Design.  The participants completed an 8-day, placebo-controlled trial with four phases: naloxone challenge, double-blind drug discrimination, double-blind abuse liability, and discontinuation.

Subjects.  Nineteen healthy, male, recreational drug abusers participated in this study.

Interventions.  The participants were administered different doses and formulations of oxycodone (40 mg immediate release [IR], 40 mg controlled release [CR], crushed 40 mg CR, and 80 mg CR) to evaluate pharmacokinetic parameters and ratings of drug liking and high.

Outcome Measures.  Pharmacokinetic parameters were determined over a 12-hour dosing interval. The primary pharmacodynamic endpoints were two questions from the Drug Effects Questionnaire (“Do you like the drug?” and “How high are you now?”).

Results.  Maximal plasma concentrations and area under the curve determinations were similar for 40 mg IR, crushed 40 mg CR, and 80 mg CR, which were all greater than 40 mg CR. For drug liking and high, the maximal effect and area under the effect curve were similar for the three formulations, which were all greater than 40 mg CR. The dose required to produce comparable reports of drug liking and high was approximately twofold greater for the CR vs IR formulation.
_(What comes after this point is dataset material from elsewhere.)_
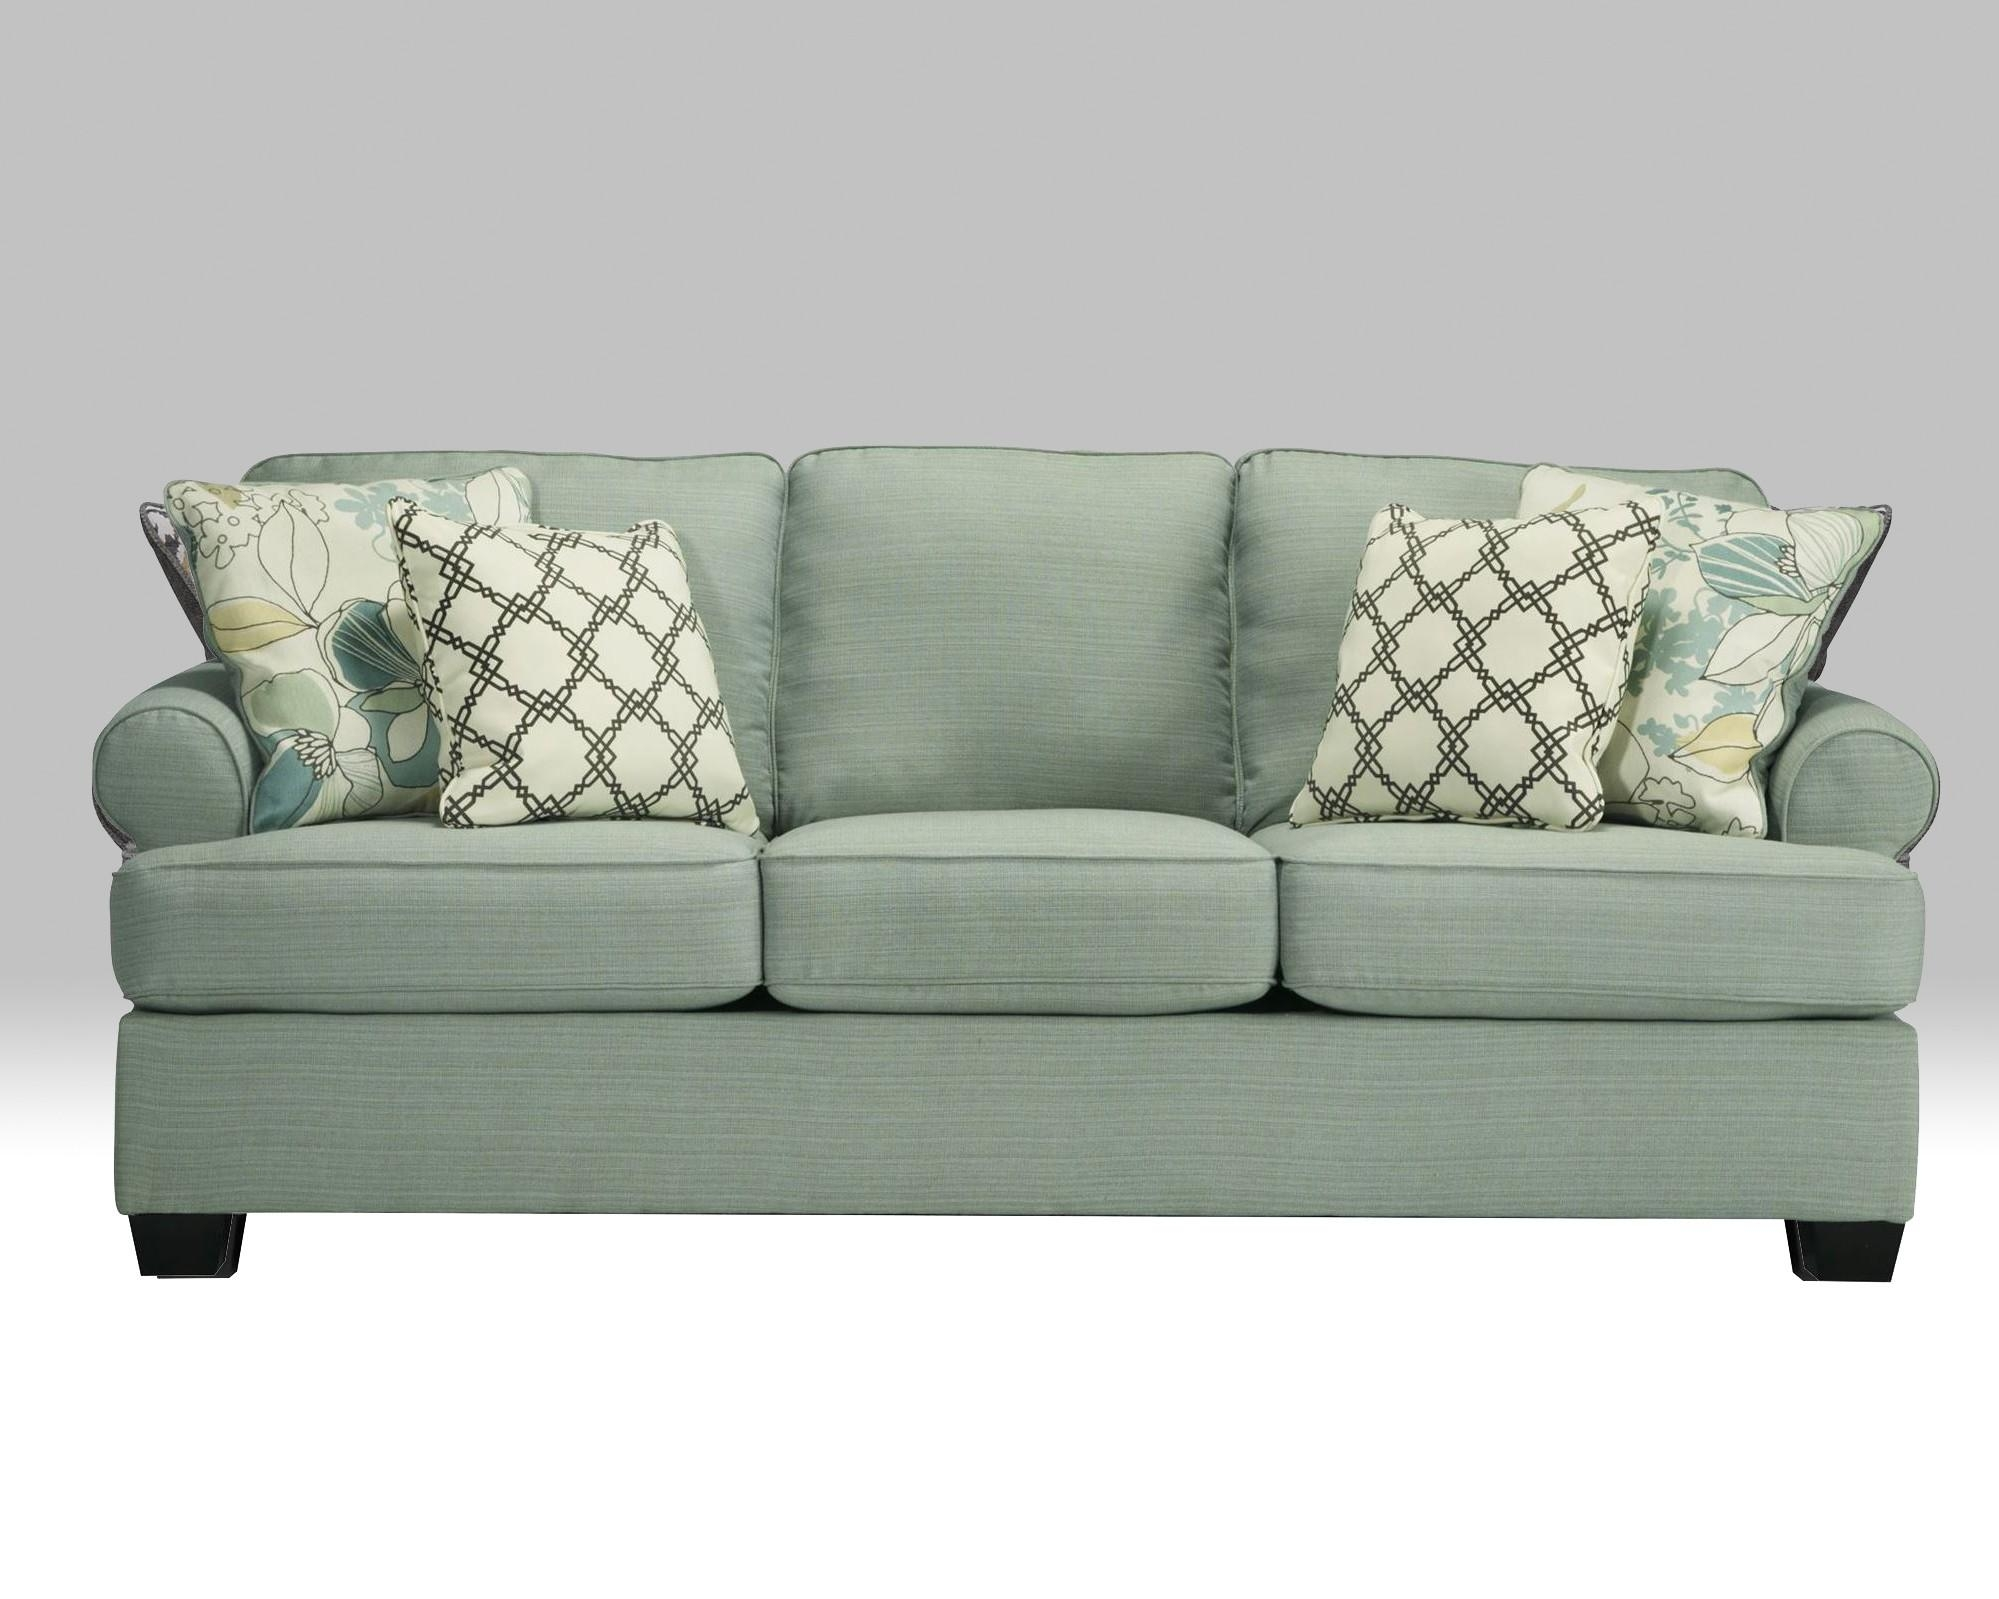 Daystar Seafoam Sofa For $ (Image 9 of 20)

When the 40 mg CR tablet was crushed, the pharmacokinetic and pharmacodynamic profile was similar to the 40 mg IR formulation. Adverse events were consistent with opioid administration.

Conclusions.  Intact, orally administered oxycodone CR produced less drug liking and high than IR oxycodone, and required approximately twofold greater doses to produce subjective effects comparable to IR oxycodone.